Sharing about green production, reducing the pressure of carbon emissions to the environment, Ms. Nguyen Thi Lien, Deputy General Director of Phong Phu Joint Stock Company, said that the textile industry belongs to the products that must comply with current greening standards with 75 - 96 evaluation criteria. This not only helps businesses meet standards and improve their reputation with partners but also increases product competitiveness and has more orders, especially high-end brands. Many businesses have prepared for the issue of environmental protection in production, protecting the living environment of consumers many years ago, but still, need a specific certification. Therefore, the remaining thing is to settle carbon certificates so that goods "add lubricant" when entering the problematic European market.

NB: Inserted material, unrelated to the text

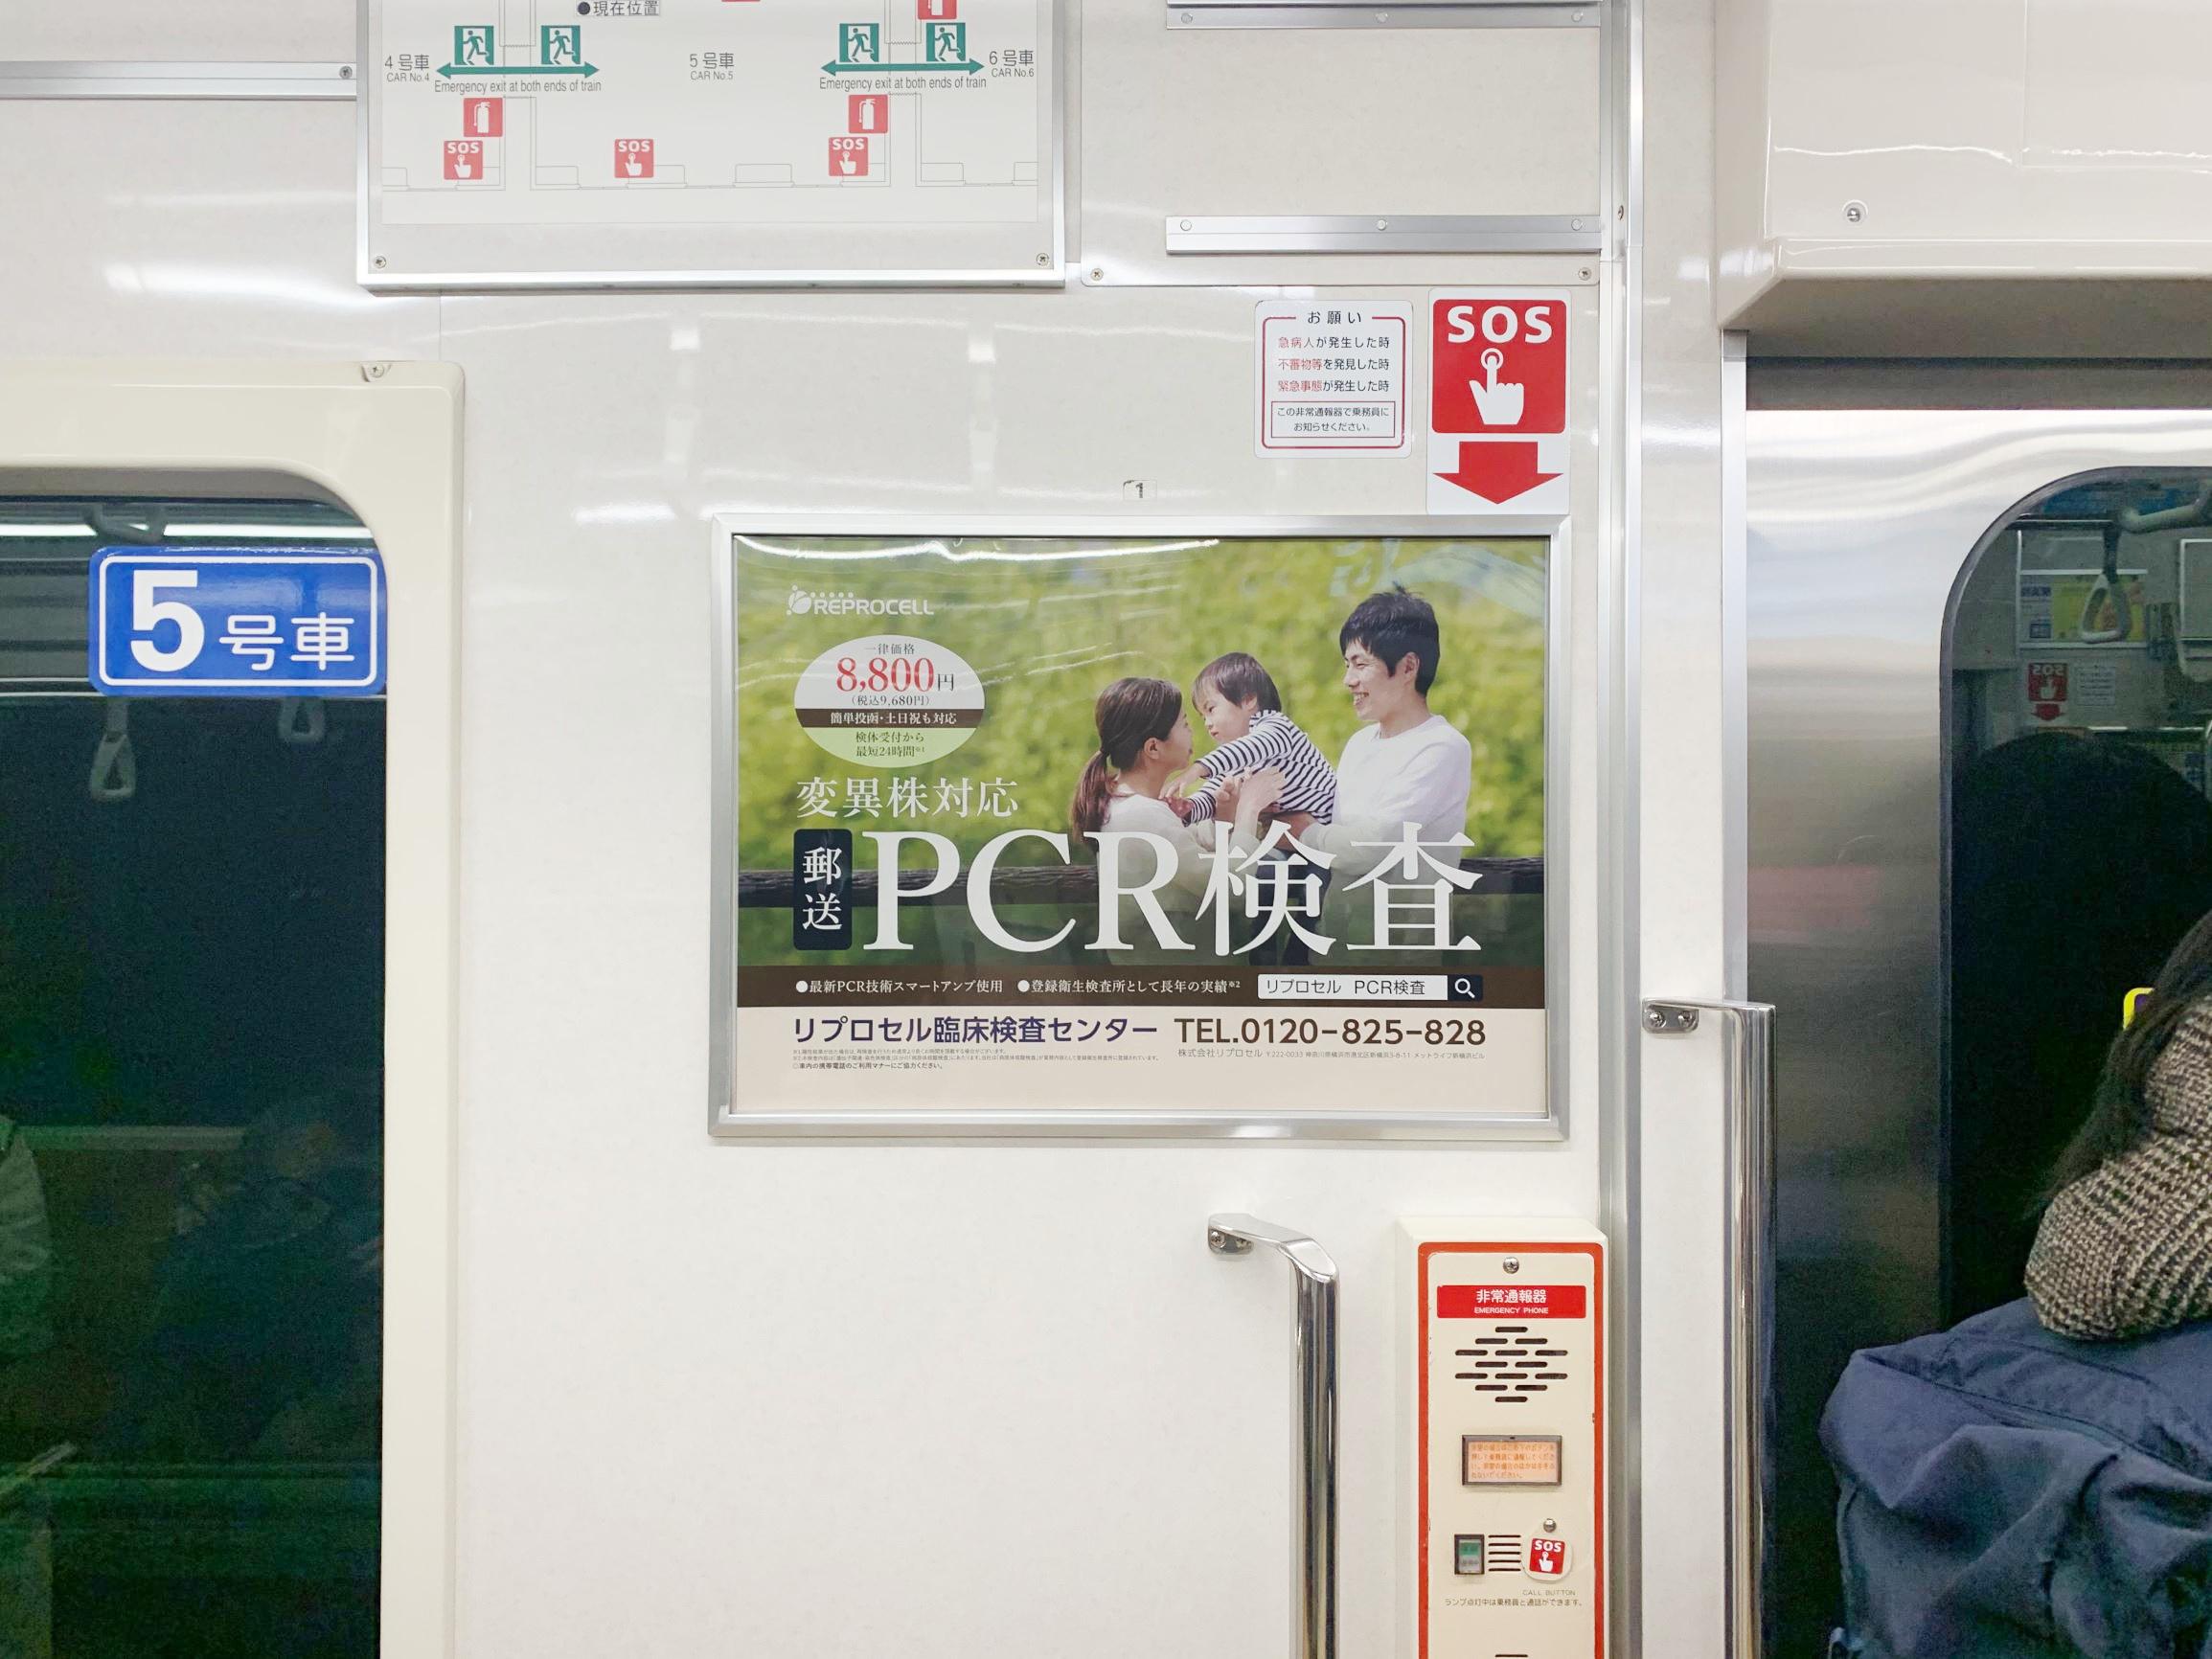 横浜市営地下鉄ブルーライン ドア横ポスター

In early 2022, the Prime Minister issued Decision No. 01/2022/QD-TTg on the fields and facilities that emit greenhouse gases that must carry out a GHG inventory. According to the roadmap for the implementation of the inventory report, 1,192 facilities in 6 areas: Energy, transportation, construction, industrial processes, agro-forestry, land use, and waste will have to provide actionable data and relevant information for the 2022 GHG inventory before March 31, 2023. This is considered the first step for businesses if they want to be recognized for their results in reducing greenhouse gas emissions and protecting the environment. It is also an essential opening for Vietnam's Net Zero implementation plan so that businesses can self-assess their current emissions level, have an appropriate adjustment strategy, and will be the basis for the State to issue emission limits for each enterprise.
Vietnam is expected to pilot a carbon credit exchange operation in 2025 and officially operate from 2028 to connect and exchange domestic carbon credits with the regional carbon market and the world. Dr. Nguyen Van Minh (Department of Climate Change) said that carbon credits and emission quotas are two items of the carbon market. Carbon credits are obtained from corporate emissions reduction activities and are certified by credit issuance mechanisms. The State allocates greenhouse gas emission quotas to enterprises. When enterprises emit more than the threshold, they can buy more quotas issued by the State or from other subjects who are also granted quotas but do not use them all. That is the buyer-seller of the carbon market. Therefore, to enjoy the market's benefits, businesses need to actively learn the legal regulations on GHG emission reduction and the carbon market. In particular, it is necessary to strengthen the capacity of GHG inventory and implementation of GHG emission reduction activities, mechanism of exchange, and offset of carbon credits.